I thought of that deserted Southern garden as I followed my own New England road. The flower-plots were in gay bloom all along the way; almost every house had some flowers before it, sometimes carefully fenced about by stakes and barrel staves from the miscreant hens and chickens which lurked everywhere, and liked a good scratch and fluffing in soft earth this year as well as any other. The world seemed full of young life. There were calves tethered in pleasant shady spots, and puppies and kittens adventuring from the doorways. The trees were full of birds: bobolinks, and cat-birds, and yellow-hammers, and golden robins, and sometimes a thrush, for the afternoon was wearing late. We passed the spring which once marked the boundary where three towns met,—Berwick, York, and Wells,—a famous spot in the early settlement of the country, but many of its old traditions are now forgotten. One of the omnipresent regicides of Charles the First is believed to have hidden himself for a long time under a great rock close by. The story runs that he made his miserable home in this den for several years, but I believe that there is no record that more than three of the regicides escaped to this country, and their wanderings are otherwise accounted for. There is a firm belief that one of them came to York, and was the ancestor of many persons now living there, but I do not know whether he can have been the hero of the Baker’s Spring hermitage beside. We stopped to drink some of the delicious water, which never fails to flow cold and clear under the shade of a great oak, and were amused with the sight of a flock of gay little country children who passed by in deep conversation. What could such atoms of humanity be talking about? “Old times,” said John, the master of horse, with instant decision.

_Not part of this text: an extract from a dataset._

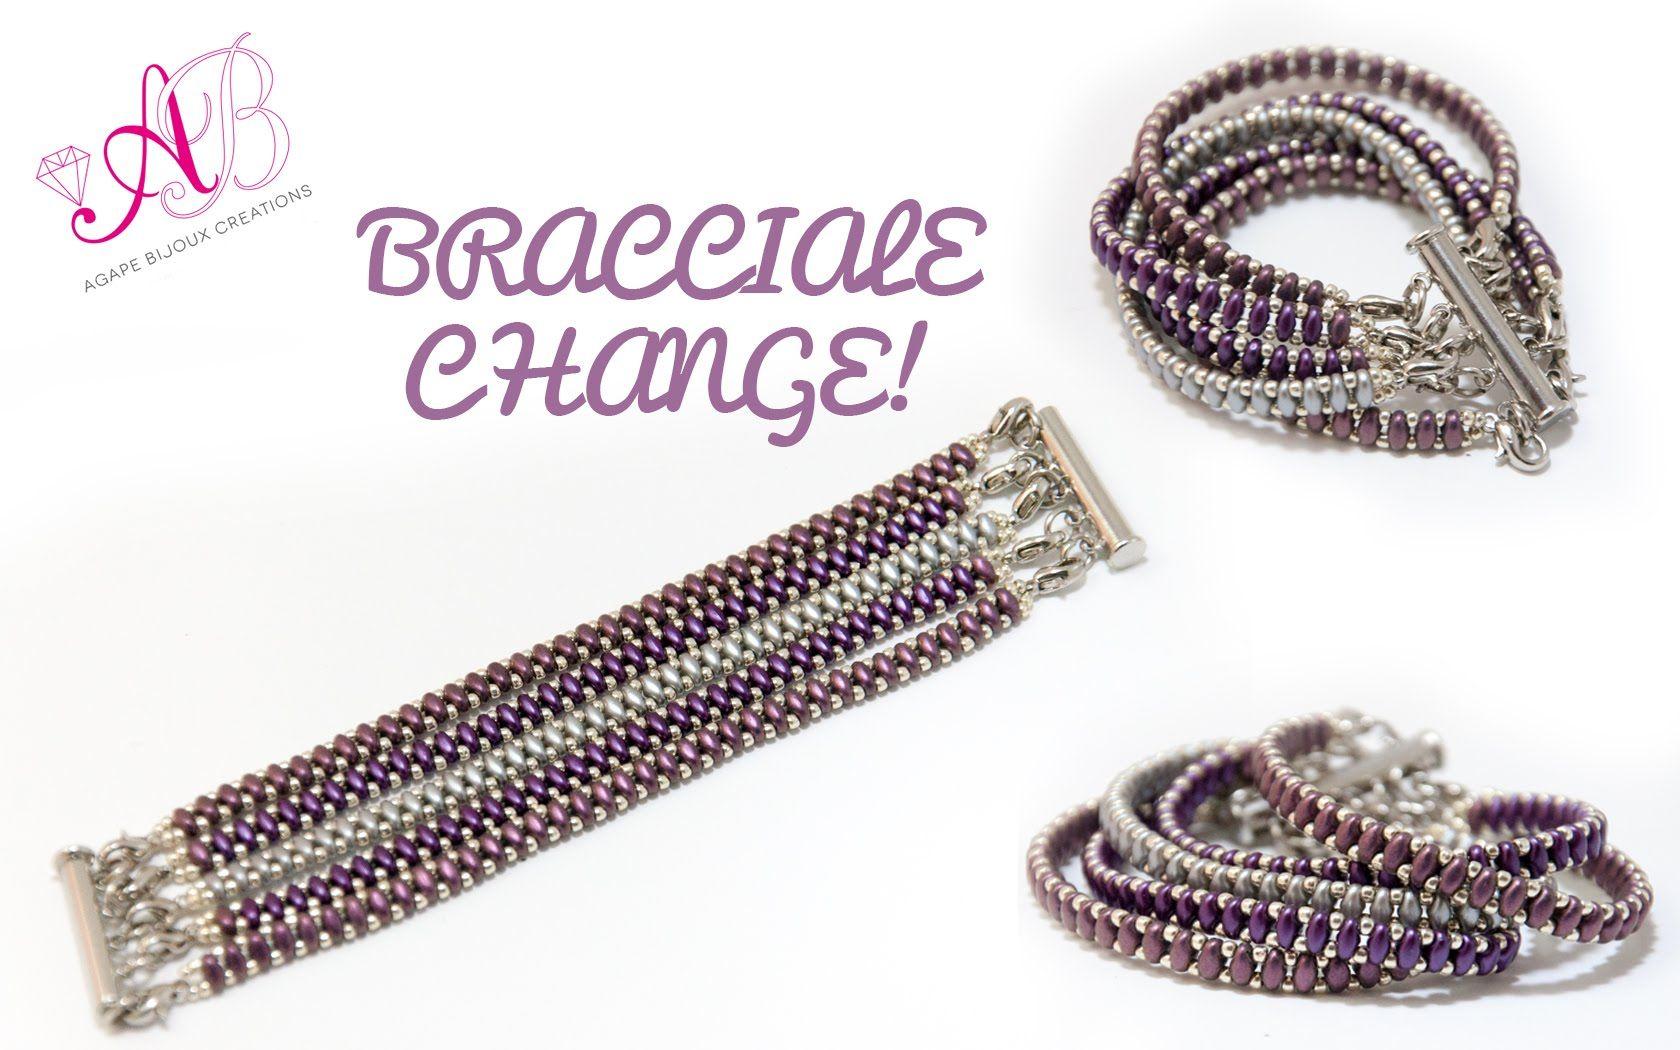 Italian language based bracelet tutorial

We met now and then a man or woman, who stopped to give us hospitable greeting; but there was no staying for visits, lest the daylight might fail us. It was delightful to find this old-established neighborhood so thriving and populous, for a few days before I had driven over three miles of road, and passed only one house that was tenanted, and six cellars or crumbling chimneys where good farmhouses had been, the lilacs blooming in solitude, and the fields, cleared with so much difficulty a century or two ago, all going back to the original woodland from which they were won. What would the old farmers say to see the fate of their worthy bequest to the younger generation? They would wag their heads sorrowfully, with sad foreboding.

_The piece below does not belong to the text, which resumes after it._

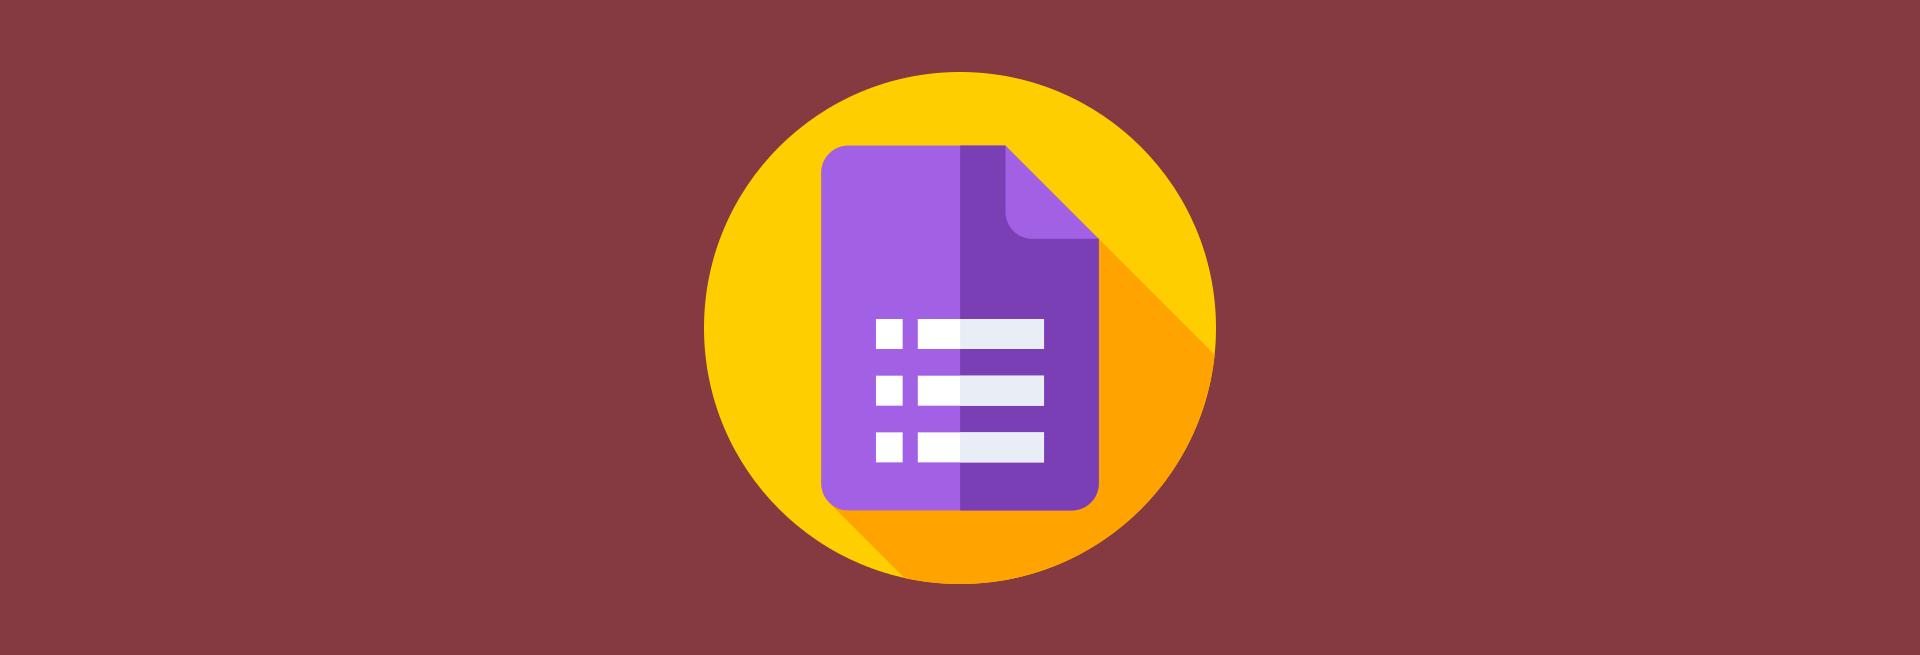 Google-Forms-Alternatives.png

After we had passed more woodland and a well-known quarry, where, for a wonder, the derrick was not creaking and not a single hammer was clinking at the stone wedges, we did not see any one hoeing in the fields, as we had seen so many on the white rose road, the other side of the hills. Presently we met two or three people walking sedately, clad in their best clothes. There was a subdued air of public excitement and concern, and one of us remembered that there had been a death in the neighborhood; this was the day of the funeral. The man had been known to us in former years. We had an instinct to hide our unsympathetic pleasuring, but there was nothing to be done except to follow our homeward road straight by the house.